For decades, mathematicians thought their jobs were safe from the AI boom. Sure, AlphaGo humbled the Go grandmasters, and protein folders won Nobel prizes, but creative proofs just felt like a human sanctuary. Last week that illusion evaporated faster than an integral under a well-placed substitution.
Google DeepMind’s Gemini Deep Think and an experimental OpenAI model walked out of the 66th International Mathematical Olympiad (IMO) with gold-level scores (35/42 points or five of six problems solved).
The news shocked Polymarket when its “will AI win the IMO gold medal in 2025?” market odds spiked to 67% “yes” on July 19th only to crash down to 14% “yes” a week later.
Turns out the challenge only resolves when the models are open sourced and results fully reproducible, a bar neither Google nor OpenAI cleared. Fine, I suppose we have to wait until the 67th IMO next July in Shanghai for China to open source math superintelligence.
Still, there is no doubt, AIs are getting better at math. In just two years we’ve gone from ChatGPT failing basic math to this OpenAI and Gemini victory. All made possible because of longer context windows, reasoning, and reinforcement learning.

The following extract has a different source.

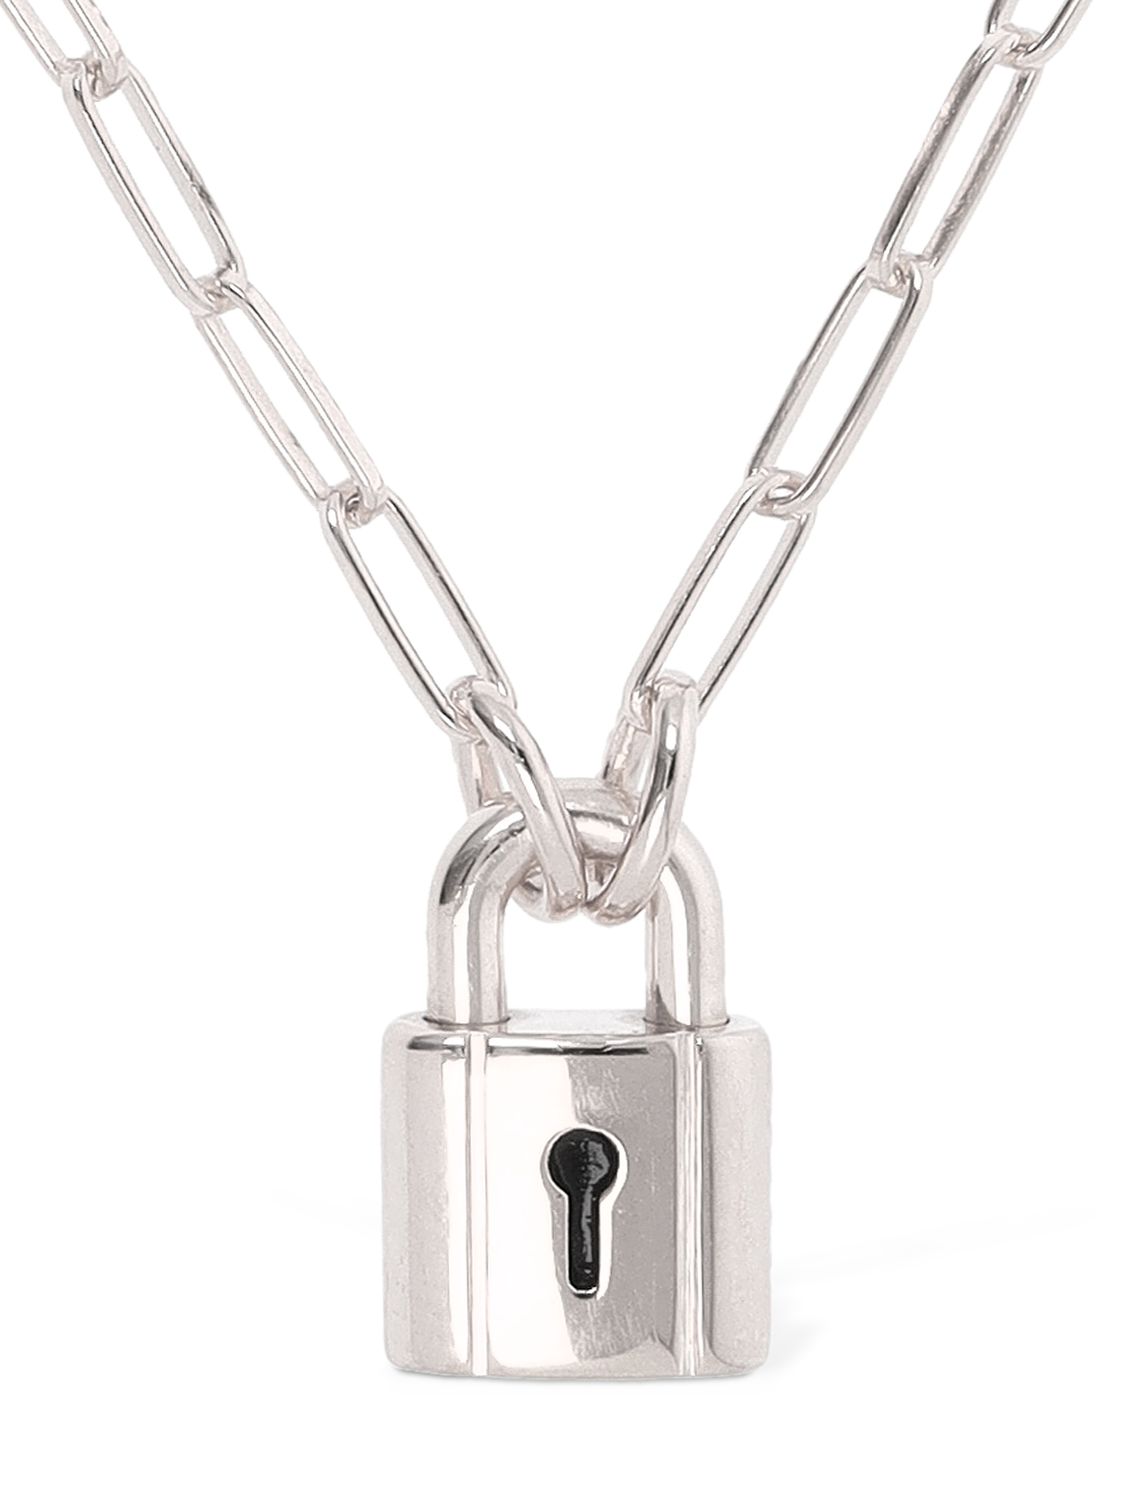 Silver Lock Chain Necklace

The wild part is OpenAI’s model wasn’t even optimized for geometry or number theory. It simply burned gargantuan test-time compute, thinking for the entire 4.5-hour window every human contestant faces until a clean proof survived peer review by three former IMO champions. Google’s gold run is estimated at $1.5 million of TPU time. OpenAI's costs are unknown.
The two labs are now arguing about who announced first and who used the official rubric. Basically: whose gold is shinier. That drama on X is fun, but the scoreboard reads Machines 2 – Humans 0.
Additionally, IMO President Prof. Dr. Gregor Dolinar said the IMO graders found the AIs’ answers to be clear, precise, and mostly easy to follow.
Which is impressive because these problems are complex and demand creative leaps. For example: Problem 3.
Let N denote the set of positive integers. A function f : N → N is said to be bonza if
f(a) divides b^a − f(b)^f(a)
for all positive integers a and b. Determine the smallest real constant c such that f(n) ⩽ cn for all bonza functions f and all positive integers n.
The official solution is 4 since every bonza function is one of the following:
The constant 1 function
The identity function
The function that is 1 for all odd n and 2 for all even n
The function that is 1 for all odd n, 2 for all even, n != 4, and 16 for n = 4
The 68th IMO will be held in 2027, but the location and exact dates have yet to be announced. Does it matter? Probably not. The real game has already moved beyond high school competitions to the frontiers of math research.
Some in the field are pivoting to solving "explain why the model is wrong" meta-questions. And math AI’s could cause grant committees to be flooded with generated lemmas, potentially requiring disclosure of AI contributions. As mathematicians start offloading boilerplate proofs, a new type of startup is emerging.
Like Harmonic.ai — which was started by RobinHood CEO Vlad Tenev and raised $100 million from Kleiner Perkins and another $75M from Sequoia — to build mathematical super intelligence. Or Lean FRO, a nonprofit which is rallying top formalization talent to build open, verifiable AI mathematicians using Microsoft developed LEAN language to ensure that the AI’s outputs are provably correct.
In the end, these algorithmic improvements are generalizable mechanisms. The IMO is just another milestone, like AlphaGo or AlphaFold, on AI’s inexorable march into every domain of human intellect. The drama and the caveats of this are temporary distractions. The fundamental truth is that a tool for automating discovery is here, and science will probably never be the same.